Exercise brief –
Every line in the records below between the one holding "DISQUE PATHE VINYLE" and the one holding "Pomer bleskov (Stanica", inclusive, is to be set down exactly; all other lines are to be left out.
── Entries provided
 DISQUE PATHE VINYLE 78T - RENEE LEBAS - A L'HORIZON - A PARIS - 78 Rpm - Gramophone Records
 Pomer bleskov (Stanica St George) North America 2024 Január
────
── Entries provided
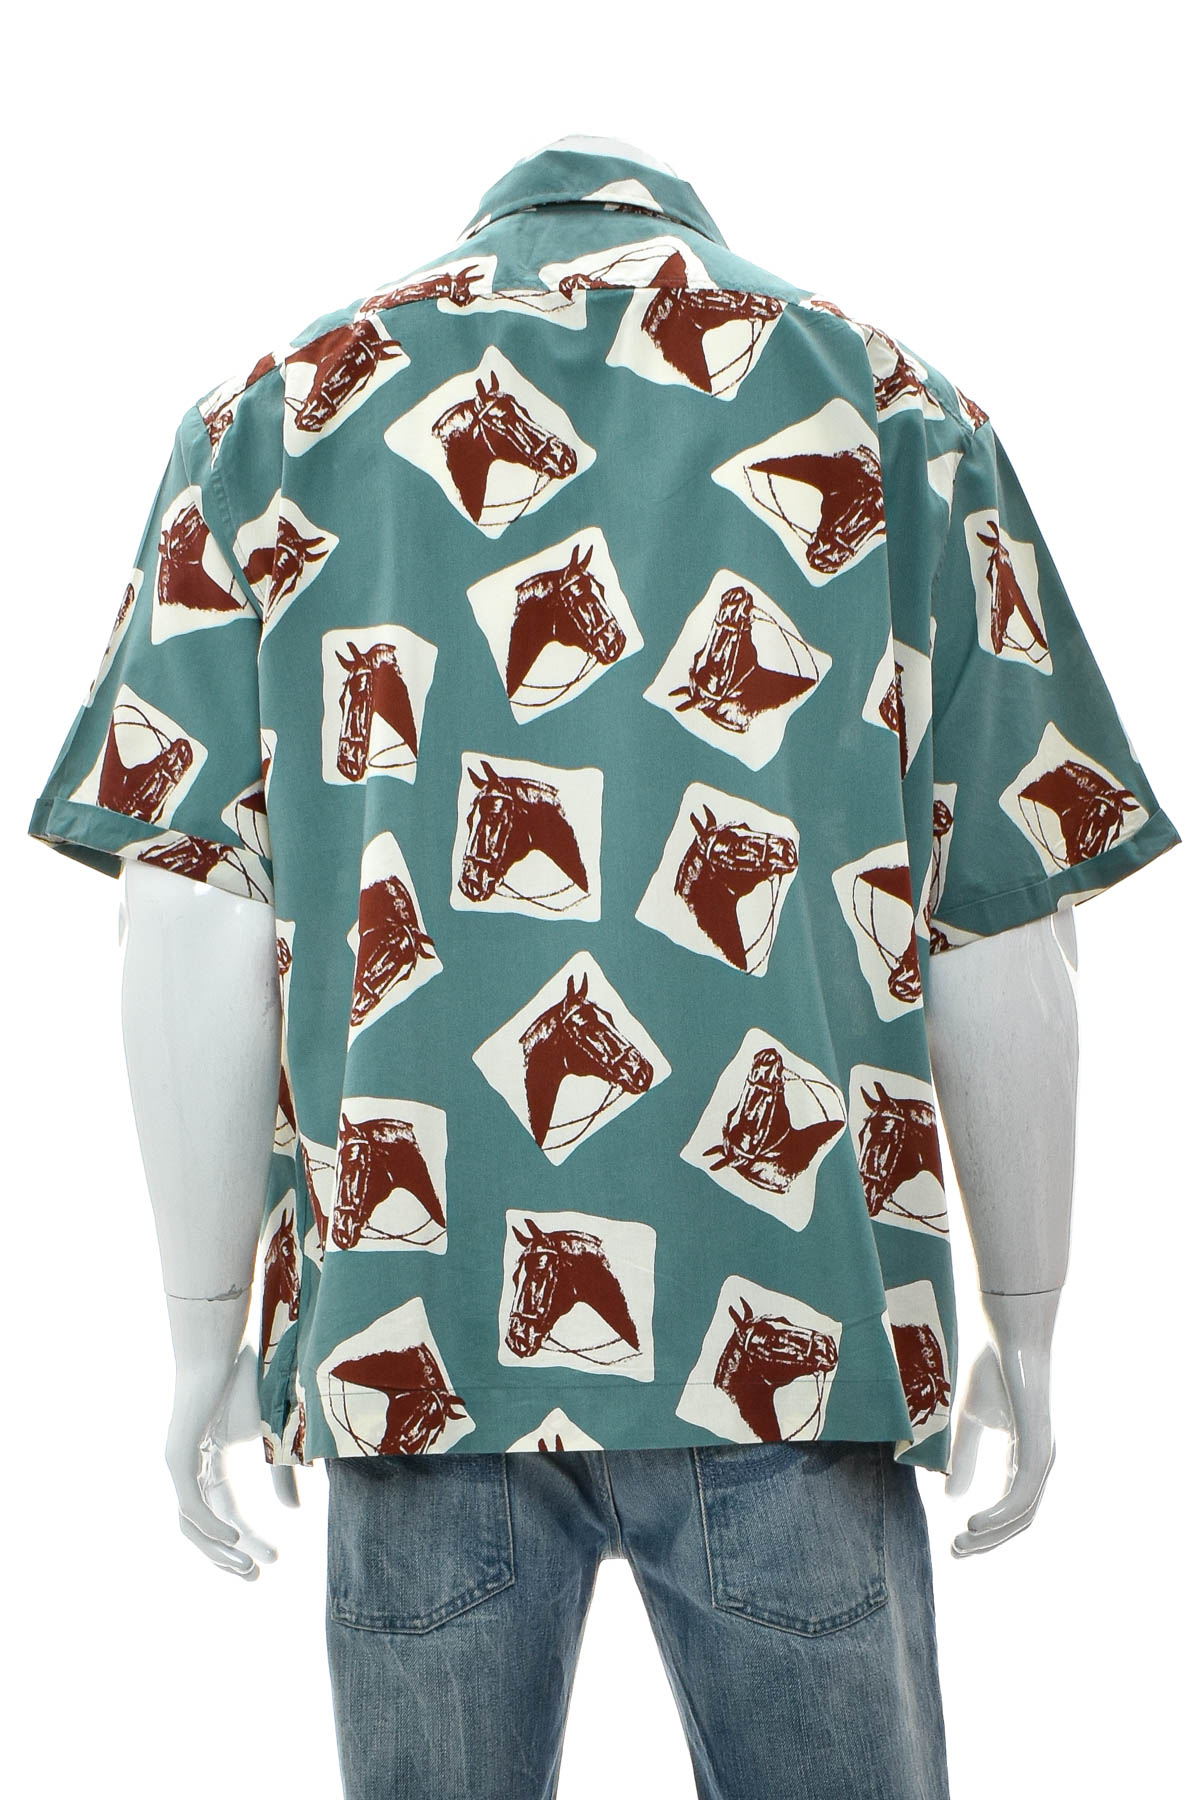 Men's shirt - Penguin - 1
────
── Entries provided
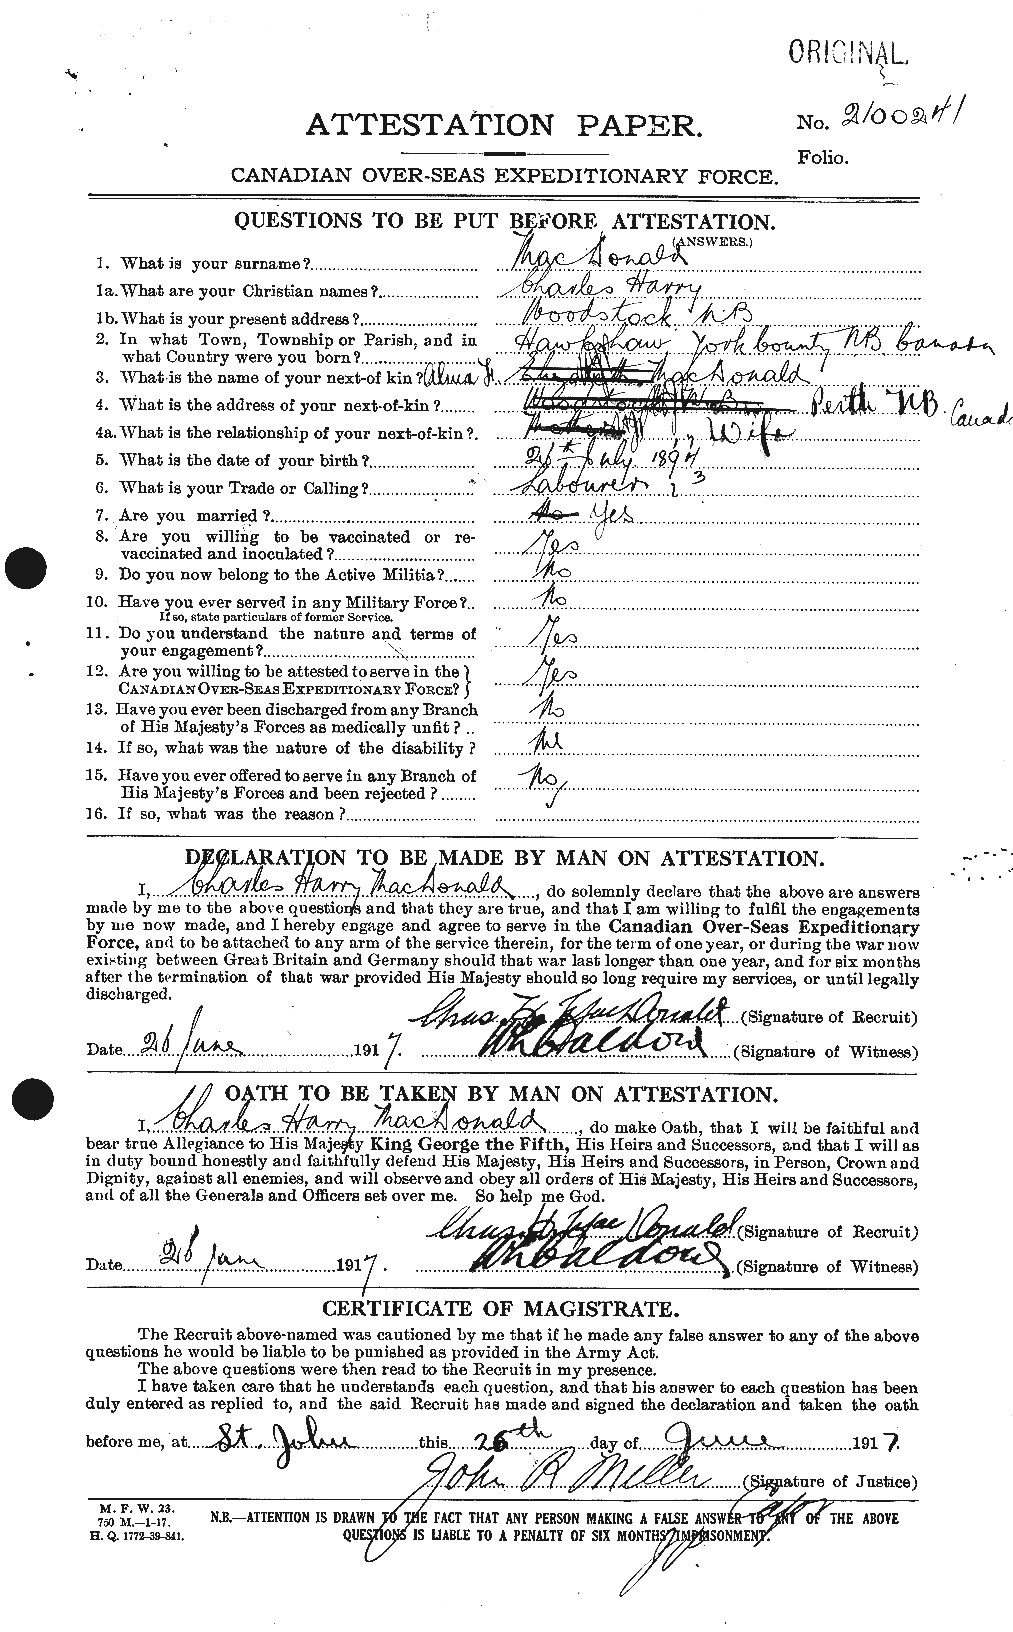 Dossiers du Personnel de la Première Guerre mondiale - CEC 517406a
────
Final answer –
 DISQUE PATHE VINYLE 78T - RENEE LEBAS - A L'HORIZON - A PARIS - 78 Rpm - Gramophone Records
 Pomer bleskov (Stanica St George) North America 2024 Január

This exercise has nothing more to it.